Although the dhfr/MTX gene amplification method can result in as much as a 1000-fold increase in gene copy number (Kaufman and Sharp, 1982), it suffers from long and variable development times. Each amplification step brings about only a modest increase in gene copy number, thus severely limiting the concentration of MTX that can be applied at each step. It is common to take six months or longer to isolate a cell line with the desired recombinant protein production level. This time bottleneck inhibits the rapid testing of multiple new candidates for pre-clinical evaluation and ultimately limits how quickly a new drug candidate gets to market (Trill et al., 1995). Use of MTX amplification may also have unforeseen effects on CHO cells since chromosomal translocations often accompany gene amplification. Additionally, amplified genes are not always stable, resulting in a decrease in gene copy number unless selective pressure is maintained. Due to these drawbacks, this approach is often not used despite its potential to yield high gene copy number clones. Industry has reacted by using novel promoter-enhancer and chromatin opening elements and developing high-throughput techniques to isolate rare high producing clones. Despite these drawbacks, regularizing this process and decreasing the time to implement it could lead to its more widespread use in the development of useful biologics.
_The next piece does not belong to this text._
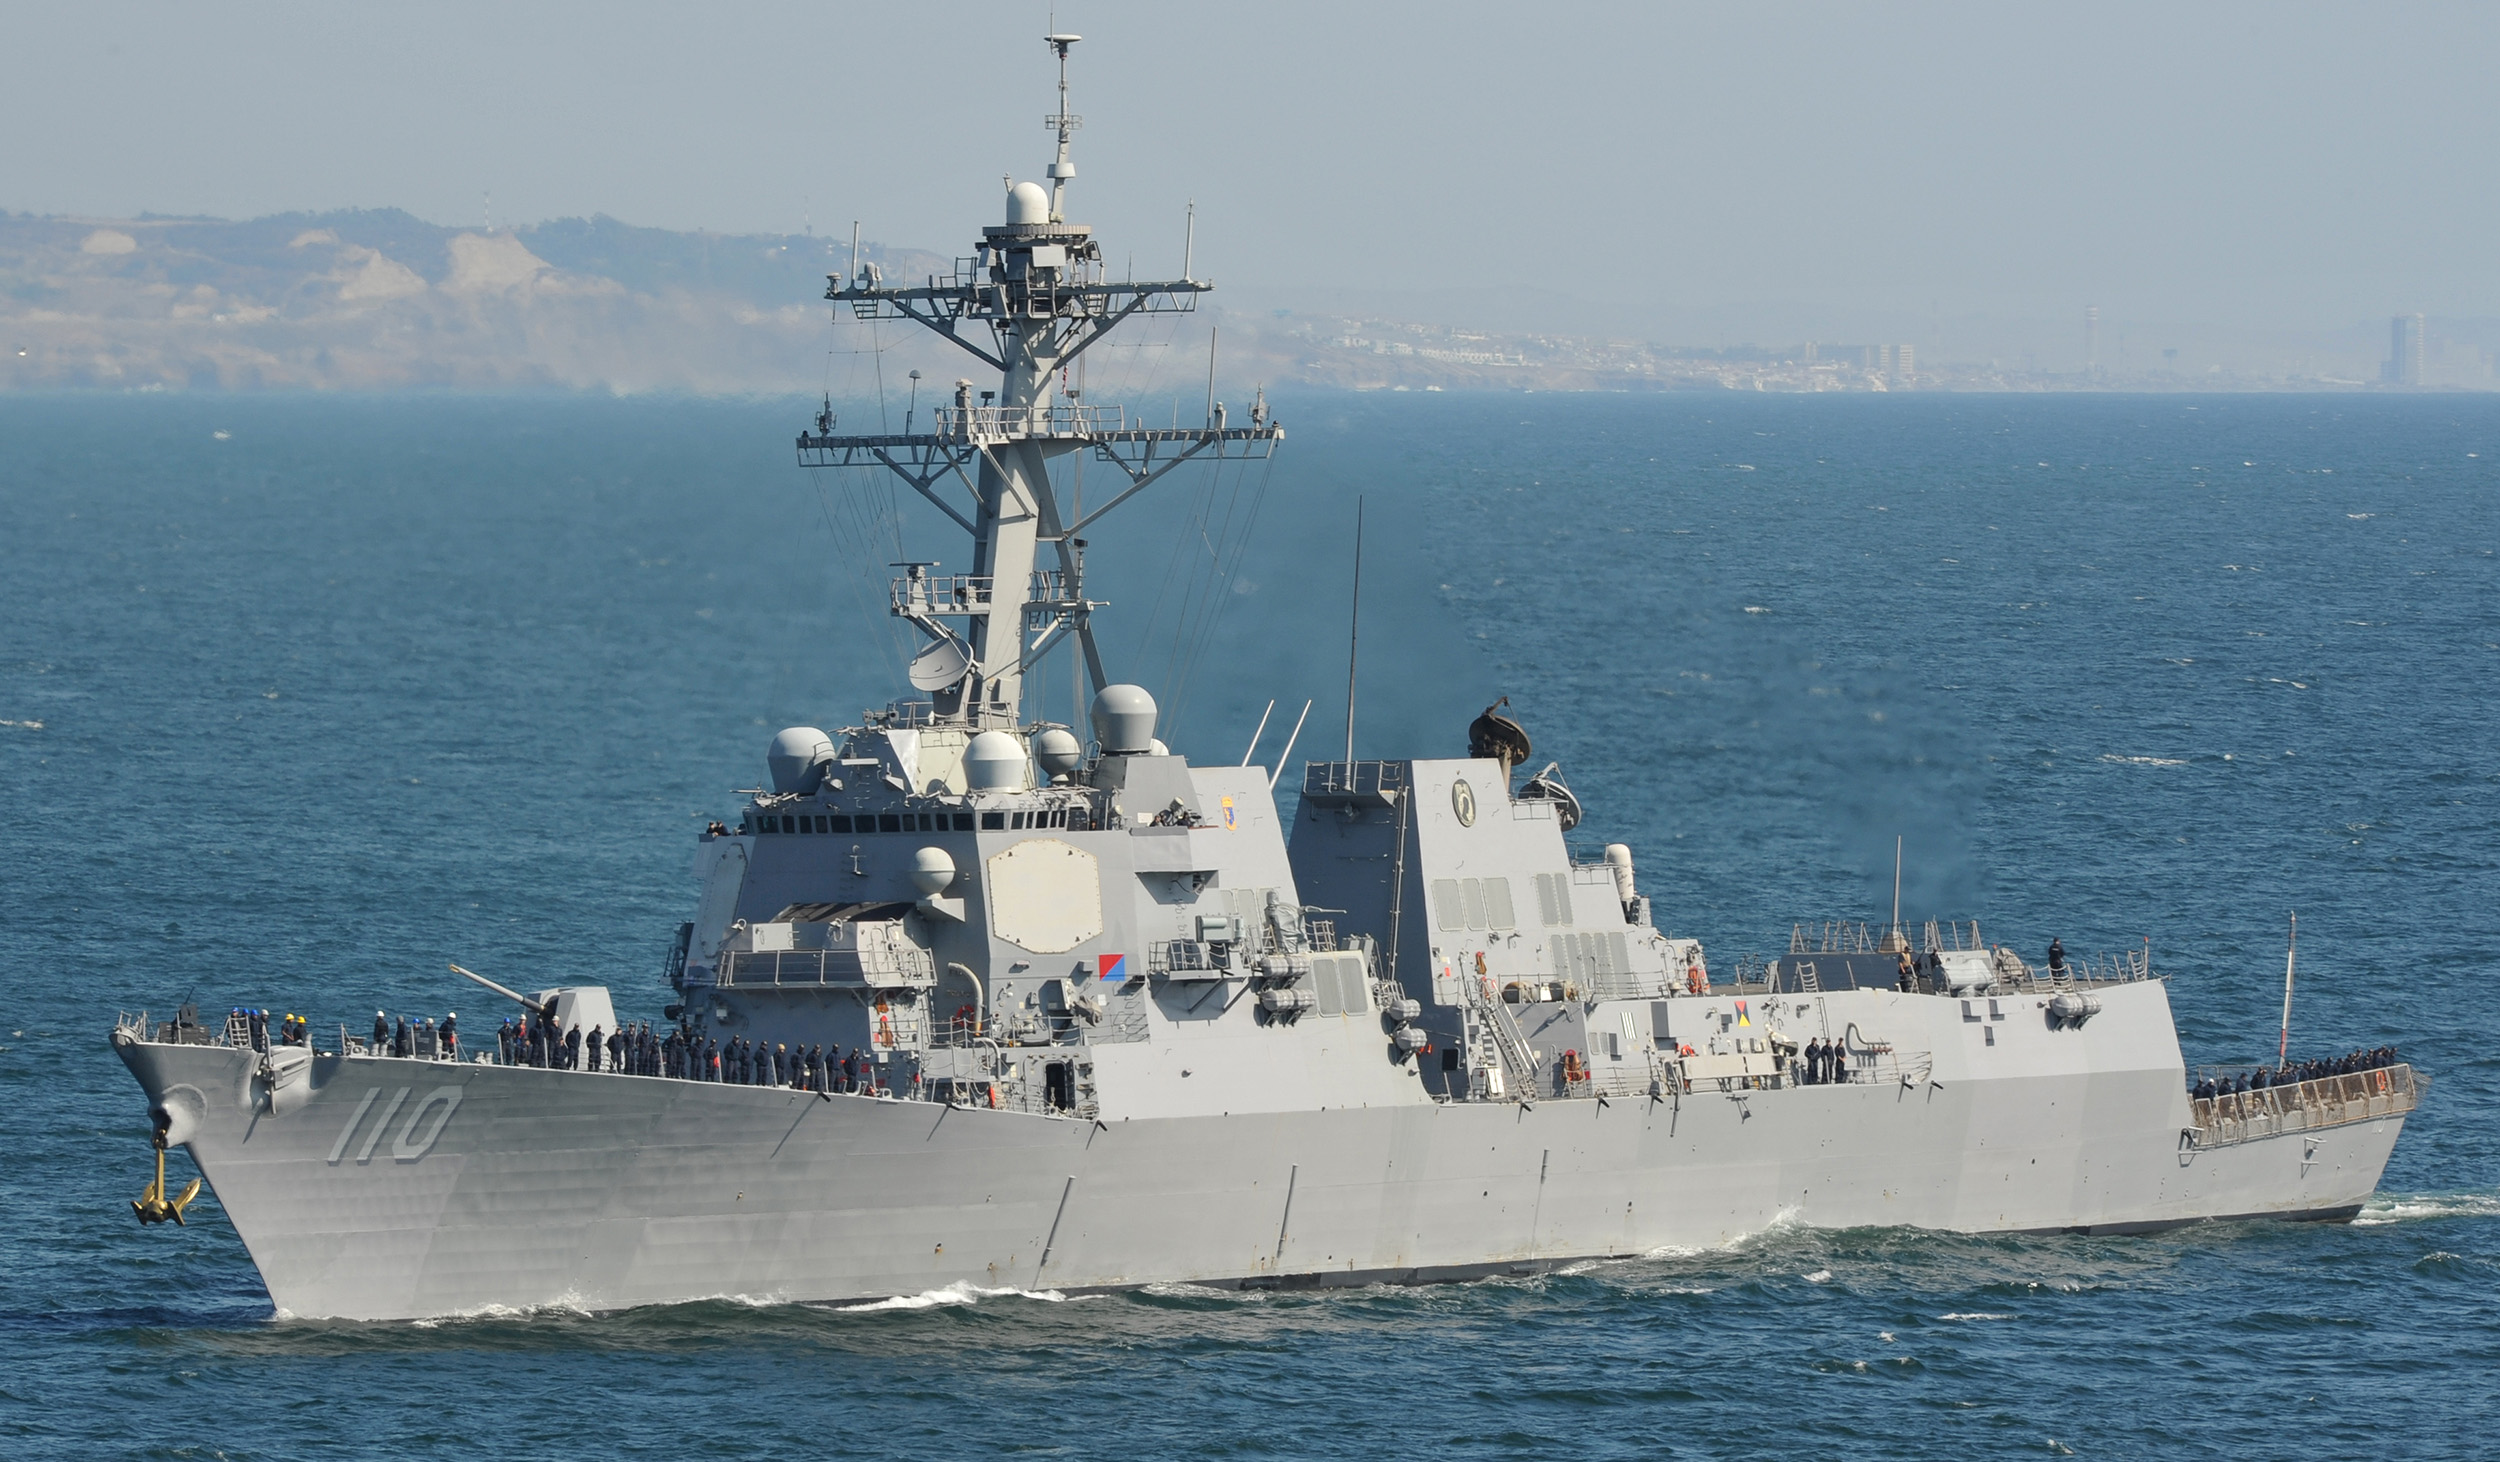 150504-N-OI810-121 PACIFIC OCEAN (May 4, 2015) – The guided-missile destroyer USS William P. Lawrence (DDG 110) steams toward San Diego Harbor. (U.S. Navy photo by Mass Communication Specialist 3rd Class Nathan Burke/Released)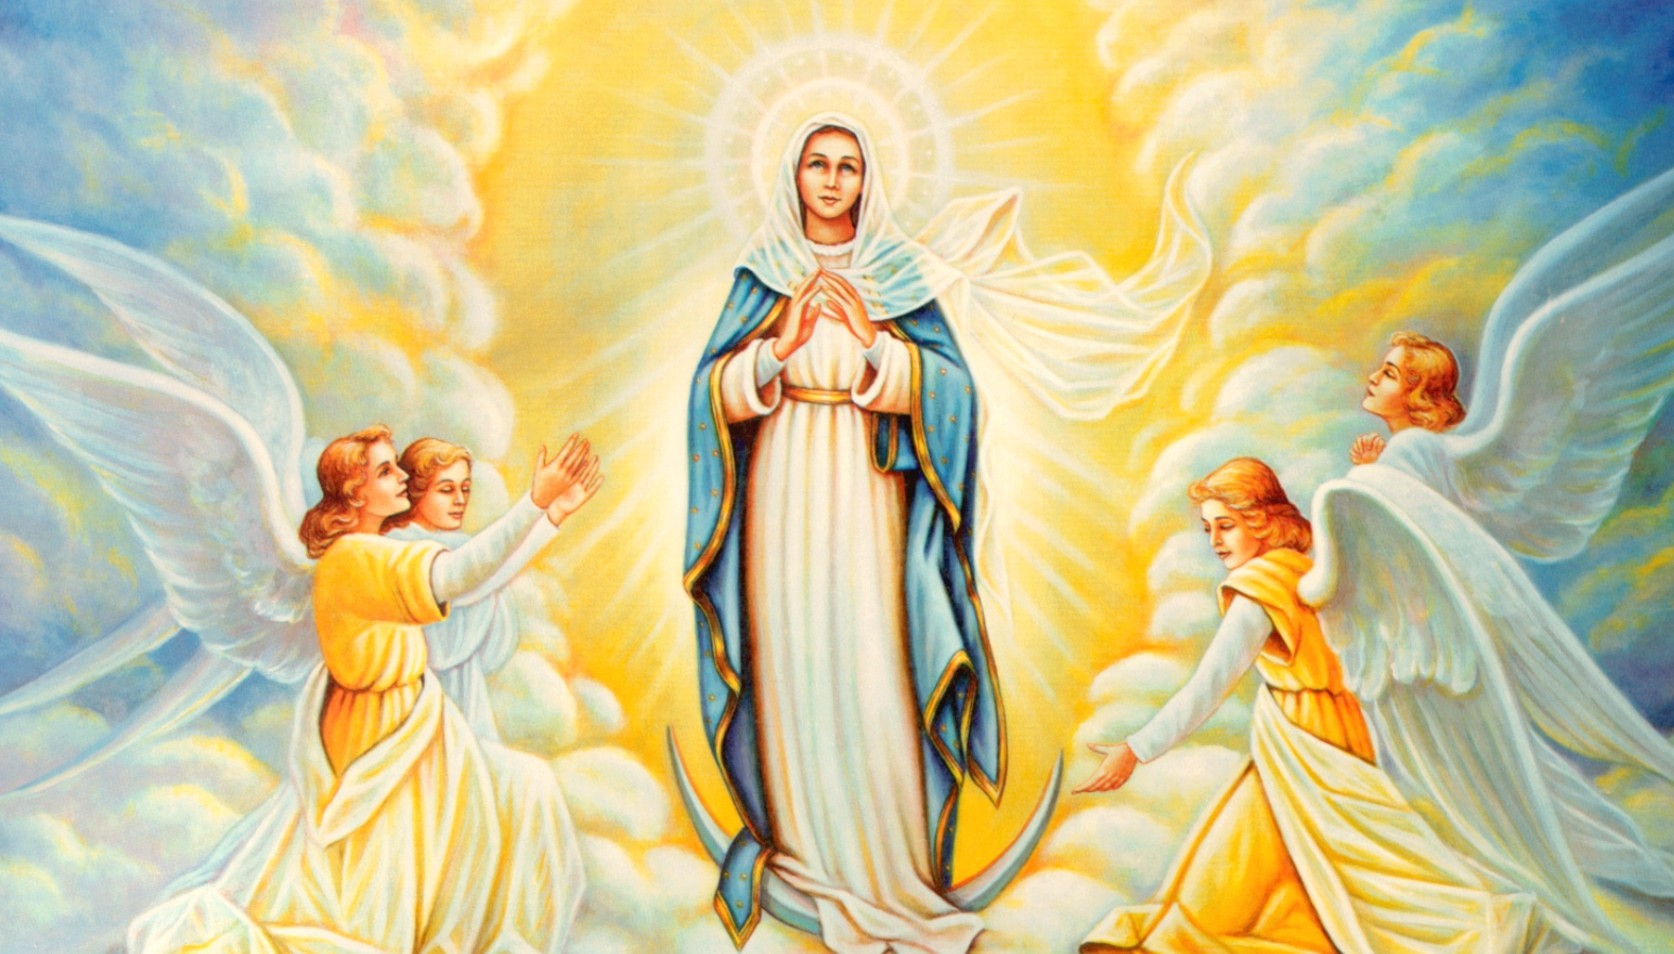 Assumption of Our Lady, according to Fr. Theodore Ratisbonne.

Although the factors influencing gene amplification are not well understood, it has been shown that clones within a CHO transfectant population exhibit a wide distribution in the yield of amplificants (Kito et al., 2002, Wahl et al., 1984b). The simplest explanation for this variability is a position effect within the CHO genome. We reasoned that the gene amplification regimen could be both shortened and made more reliable by inserting the gene of interest along with the dhfr gene at a defined locus in the CHO genome chosen for supporting a high amplification rate. We identified such sites by screening 100 transfectants for their rate of amplification (as opposed to the frequency of amplified cells) using Luria–Delbruck fluctuation analysis. A chosen site could subsequently be used to insert genes of interest via an included site specific recombination sequence. A winning clone was shown to amplify a dhfr gene along with a gene of interest at a rate higher than randomly integrated transfectants and to secrete a protein of interest at increased levels. This clone or similarly isolated clones may prove advantageous for those using gene amplification in CHO cells to drive high level production of therapeutically or diagnostically useful proteins.